DATA PROVIDED:
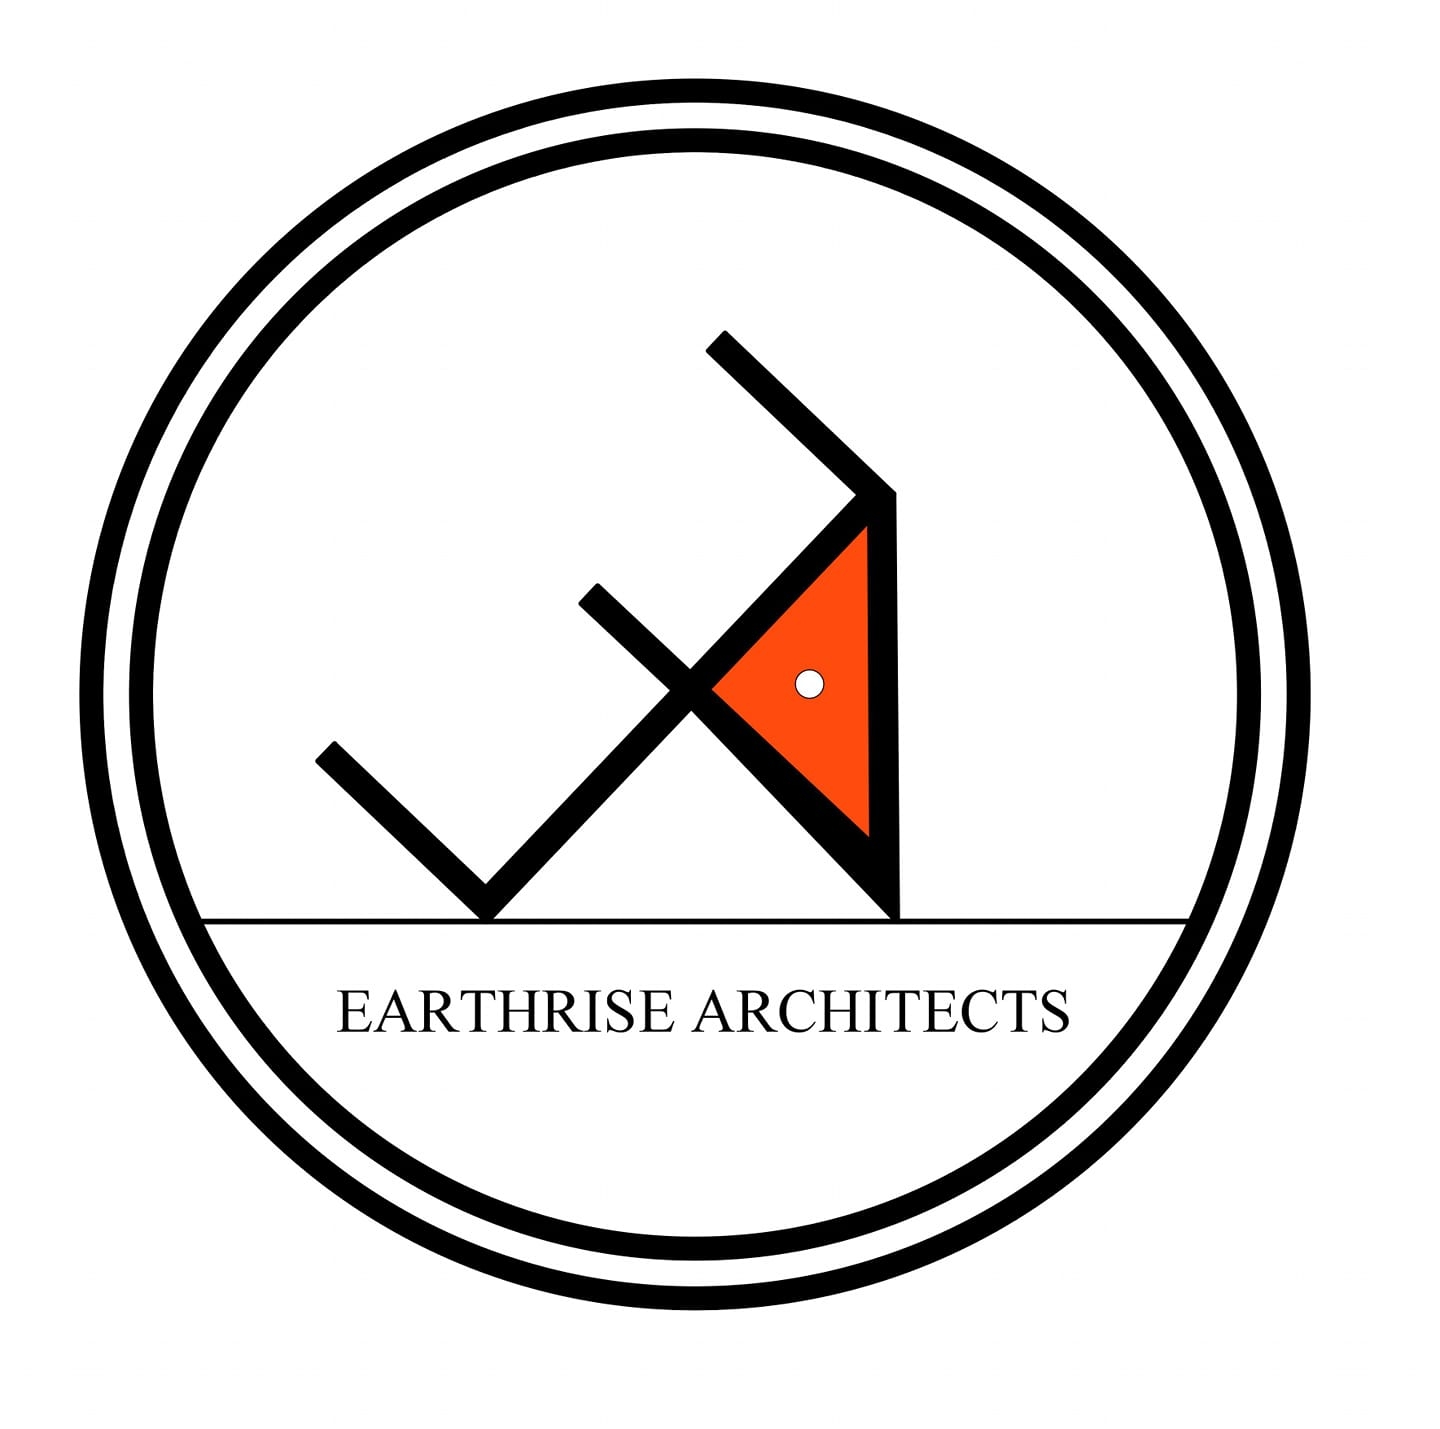 Earthrise Architects|Legal Services|Professional Services
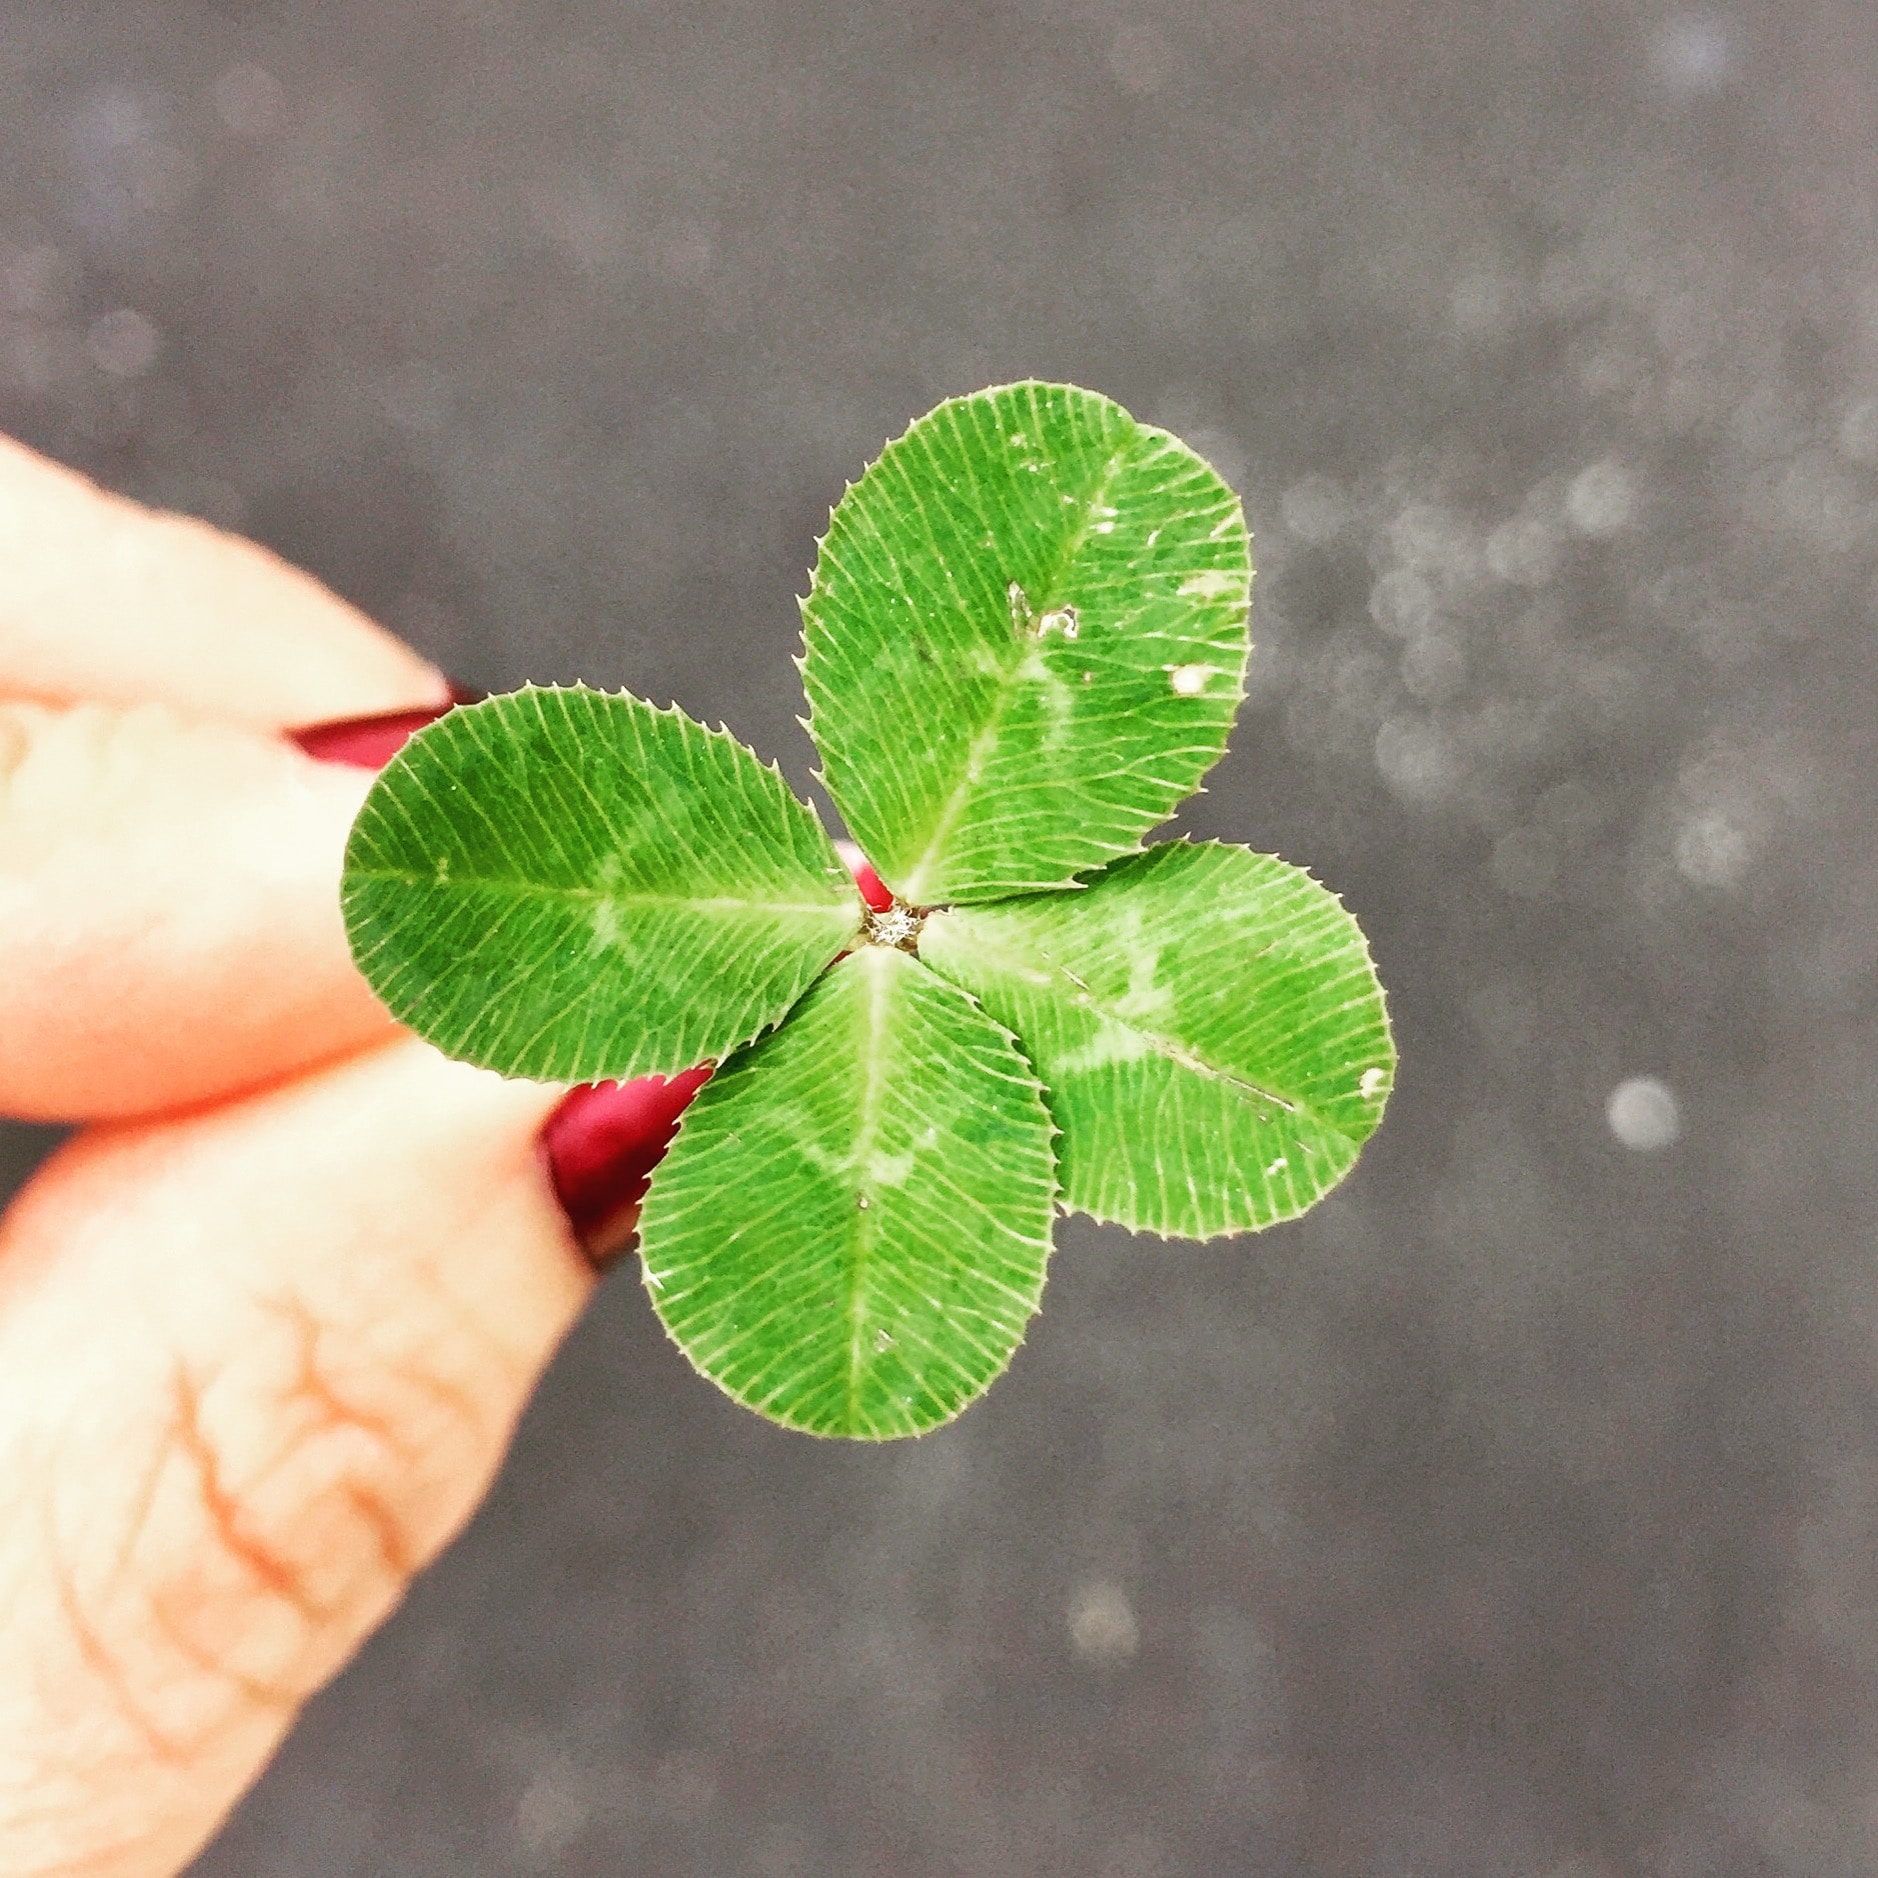 There is an equal amount of good luck as bad luck waiting for you. Photo by Amy Reed on Unsplash
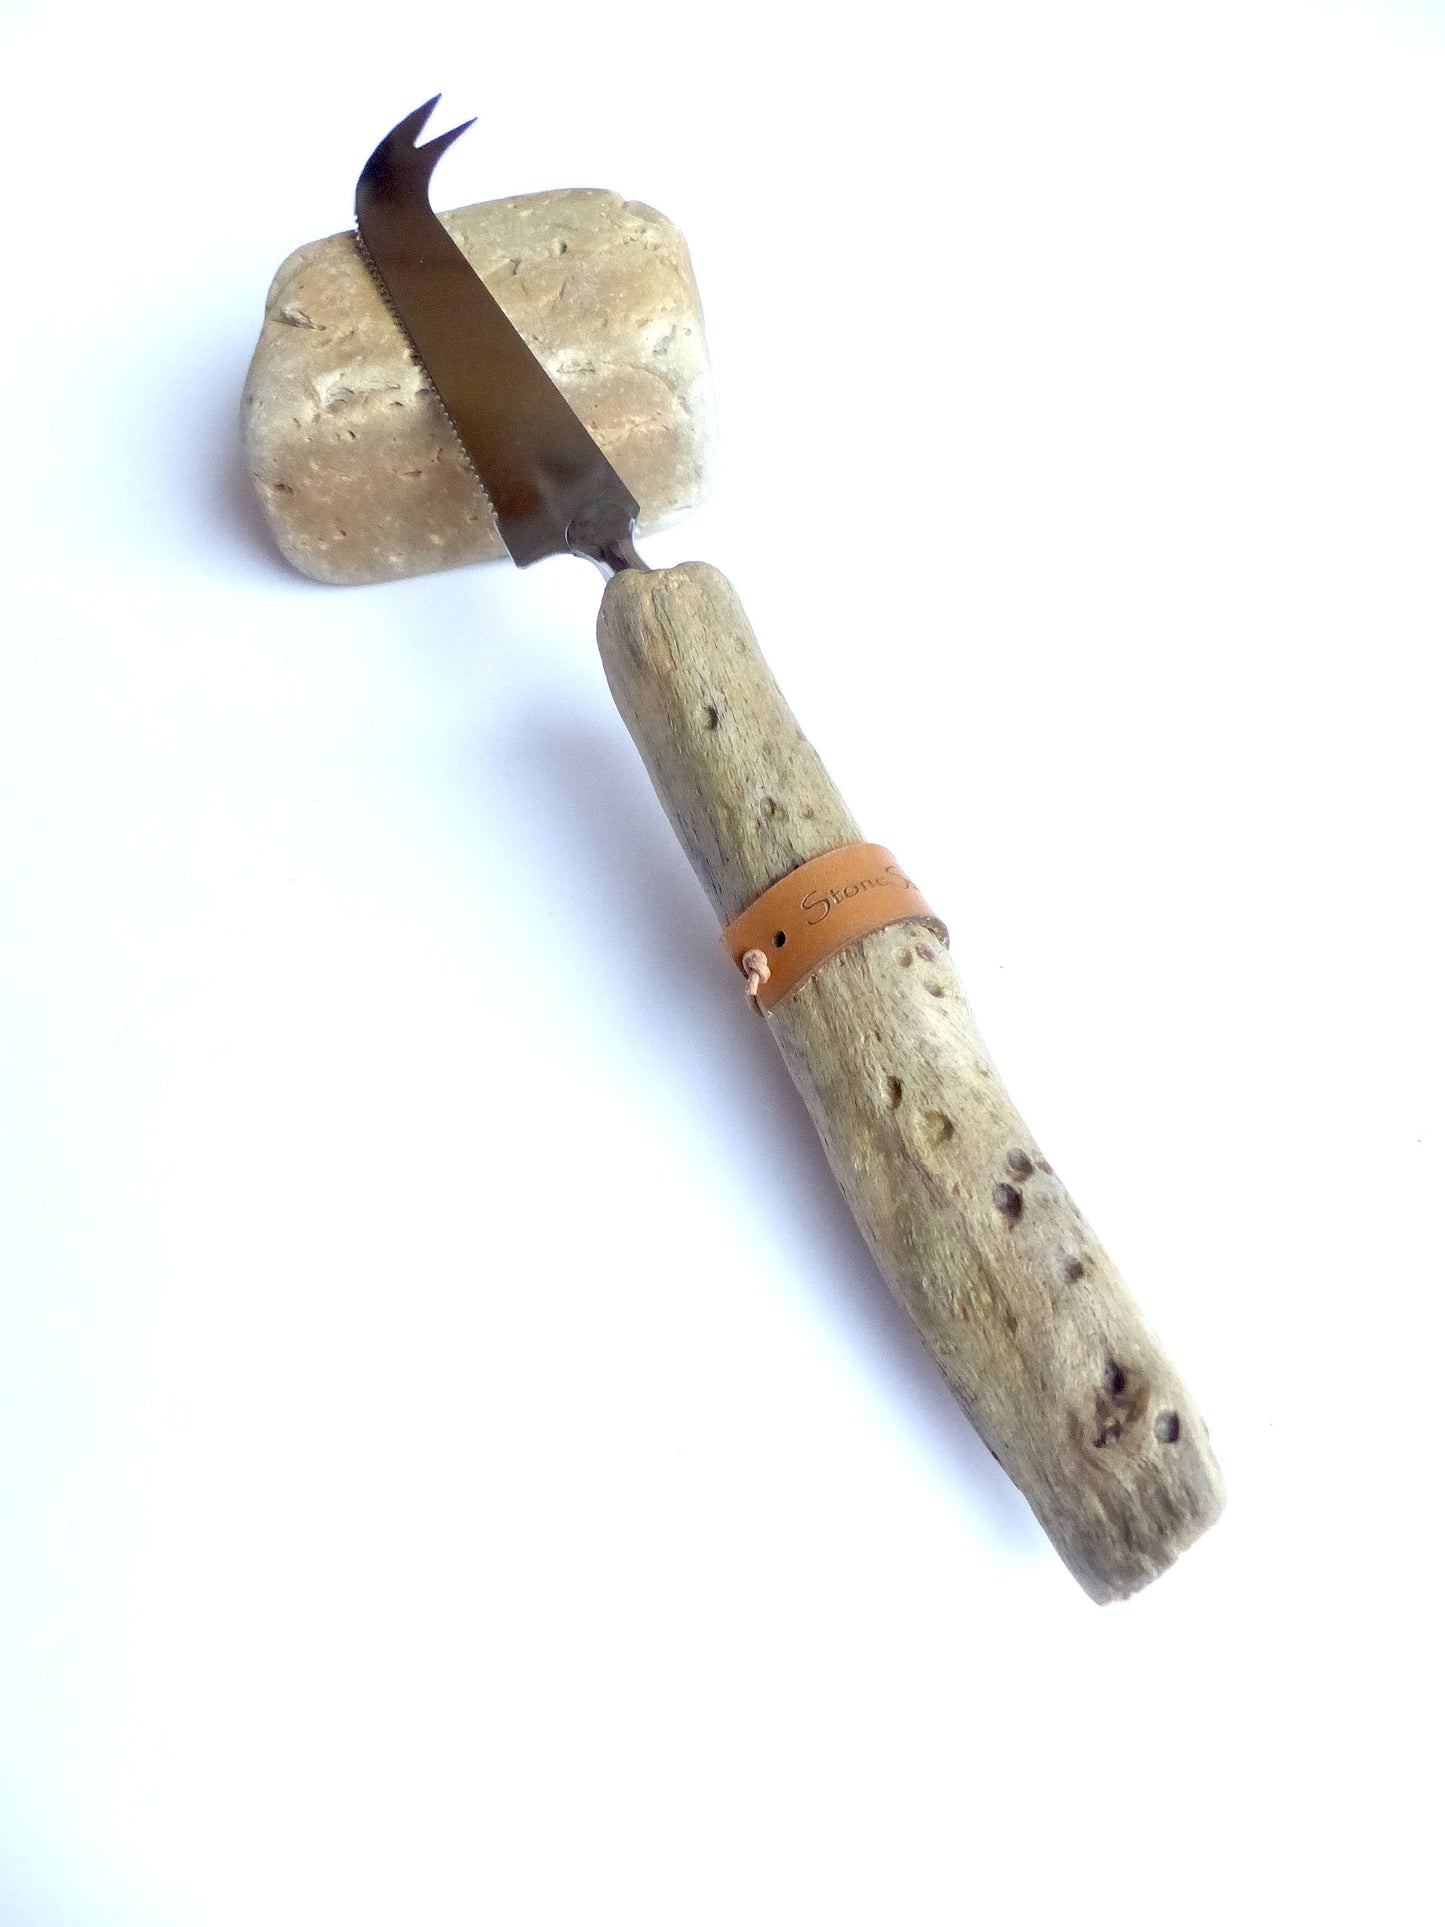 CHEESE KNIFE 'Knut' with DRIFTWOOD handle, handcrafted sustainable kitchenware

WORK TO COMPLETE: Drop the pictures, then write out only the lines running from the one containing "There is an" through the last line above, both included, exactly.

REPLY TO THE EXERCISE:
 There is an equal amount of good luck as bad luck waiting for you. Photo by Amy Reed on Unsplash
 CHEESE KNIFE 'Knut' with DRIFTWOOD handle, handcrafted sustainable kitchenware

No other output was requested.